Spear-Phishing: A Targeted Threat
Spear-phishing email scams are highly targeted, personalized phishing attacks designed to deceive individuals or businesses into disclosing sensitive information or clicking on malicious links. Unlike traditional phishing emails sent to large groups, spear-phishing emails are meticulously crafted to include information specific to the victim’s job, personal life, or interests. Consequently, they appear more authentic and persuasive.
The primary objective of spear-phishing emails is to pilfer sensitive information like usernames, passwords, credit card details, and Social Security numbers. Additionally, these emails can introduce malware into the victim’s computer, enabling rapid propagation across the organization’s network. Below are examples of spear-phishing email scams:
- An accounting employee receives an email purportedly from the employer or a manager, urging them to transfer a substantial sum to a new account.
- An email seemingly from the bank, requesting the recipient to update their account details.
- An email from a shipping company, urging the recipient to click on a link for package tracking purposes.
- An email from a social media company, prompting the recipient to reset their password.
- An email from a government agency, soliciting personal information.
It is critical to ensure that all employees are familiar with the warning signs of spear-phishing emails and avoid clicking on anything that appears suspicious. One useful technique is to hover over links to verify the actual URL before clicking.
If an employee inadvertently clicks on a spear-phishing email, they should immediately report it to the relevant IT department. Promptly contact your bank and credit card companies to notify them of potential fraudulent activity. Furthermore, instruct all your employees to change their passwords, without exceptions, and enable two-factor authentication for all online accounts.
Whaling: An Advanced Spear-Phishing Scam
Whaling scams specifically target business owners, CEOs, CFOs, and other high-ranking executives. These scams are characterized by exceptional sophistication, making them difficult to detect.
Whaling scammers invest considerable effort in gathering information about their targets, including job titles, email addresses, phone numbers, and personal interests. Armed with these details, scammers personalize their emails to enhance credibility.

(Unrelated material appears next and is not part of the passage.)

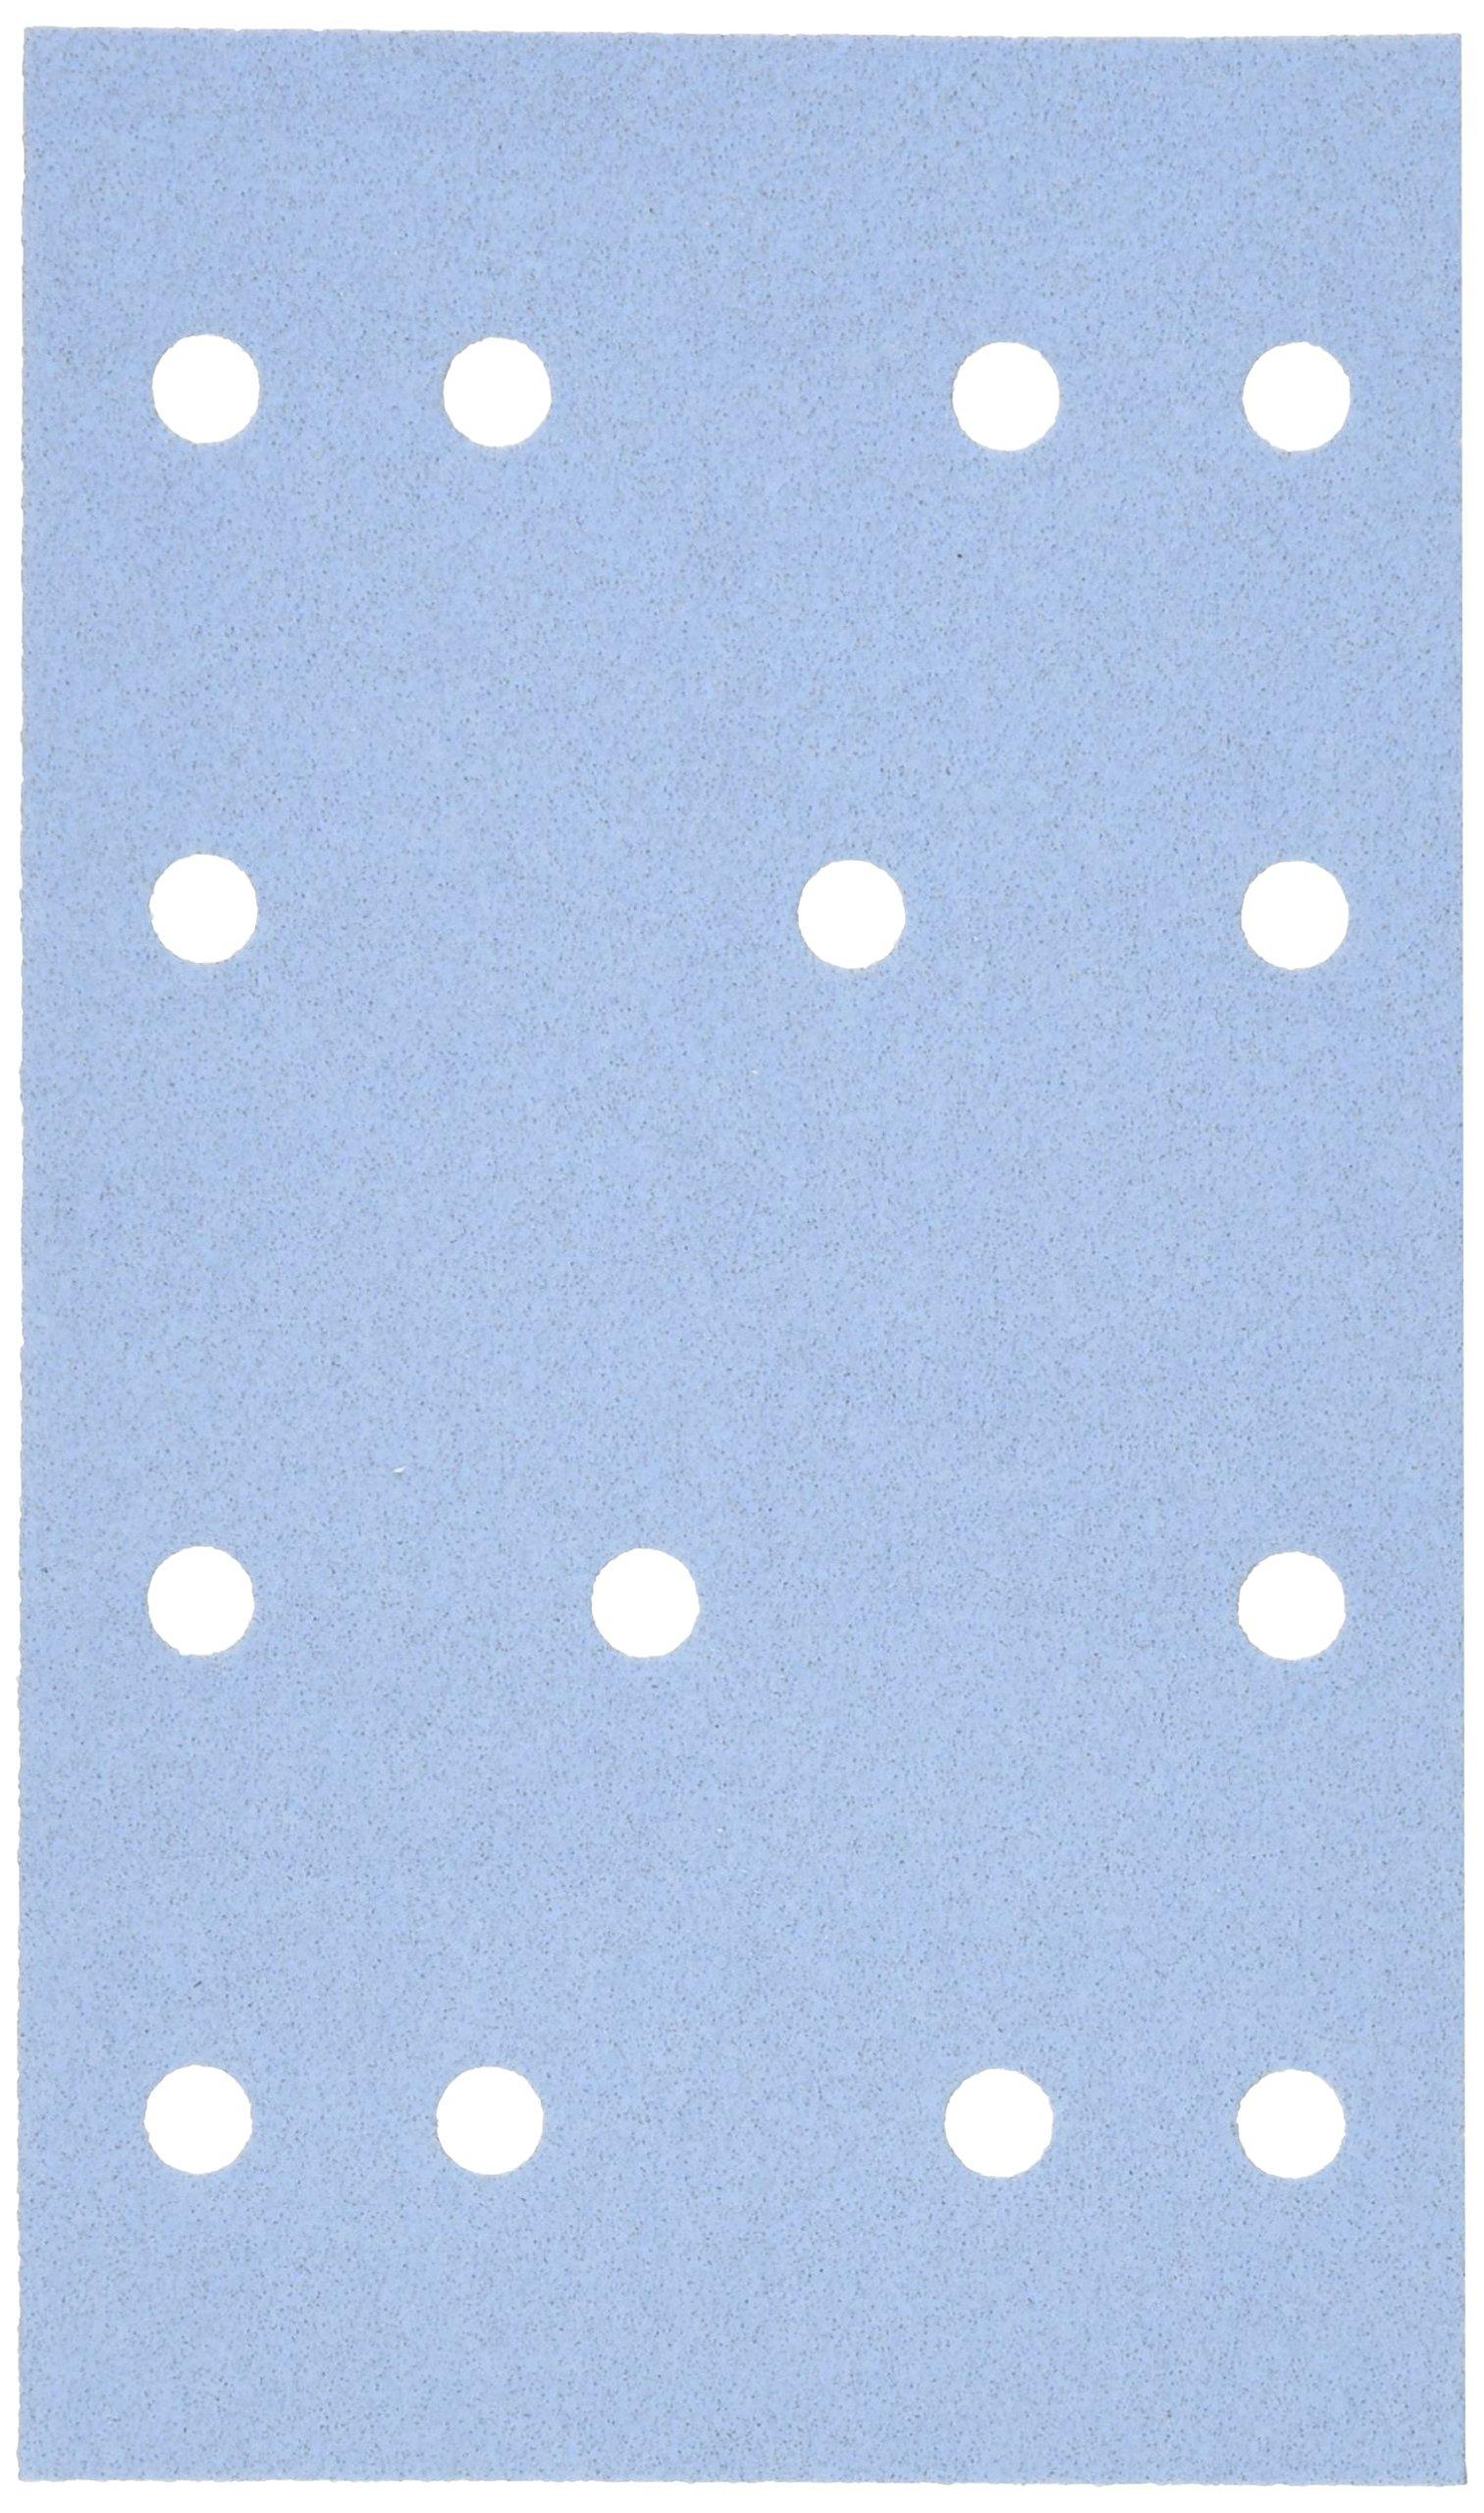 Festool 497120 P120 Grit, Granat Abrasives, Pack of 100 by Festool

The primary objective of whaling scams is to defraud businesses by stealing money or sensitive information. For example, a whaling scammer may send an email to a CEO disguised as the company’s CFO, requesting approval for a substantial wire transfer to a new account. The unsuspecting CEO, assuming the email to be legitimate, approves the transfer, resulting in the scammer absconding with the funds.
Moreover, whaling scams are frequently utilized to introduce malware into victims’ computers, facilitating the theft of sensitive information like login credentials and trade secrets.
To guard against whaling scams, it is imperative for you and your accounting department to exercise extreme caution when faced with emails requesting significant sums or sensitive information.
Enhance Your Email Security Measures
According to Seth Blank, the number of cyberattacks beginning with phishing attempts has escalated to a staggering 91%. Amidst this alarming trend, it is easy to overlook the criticality of email security. However, the rising statistics indicate that the problem is not only persistent but also worsening exponentially.
Considering this, Blank suggests reinforcing your email security or else facing dire consequences. The onus is on you to take proactive measures without delay.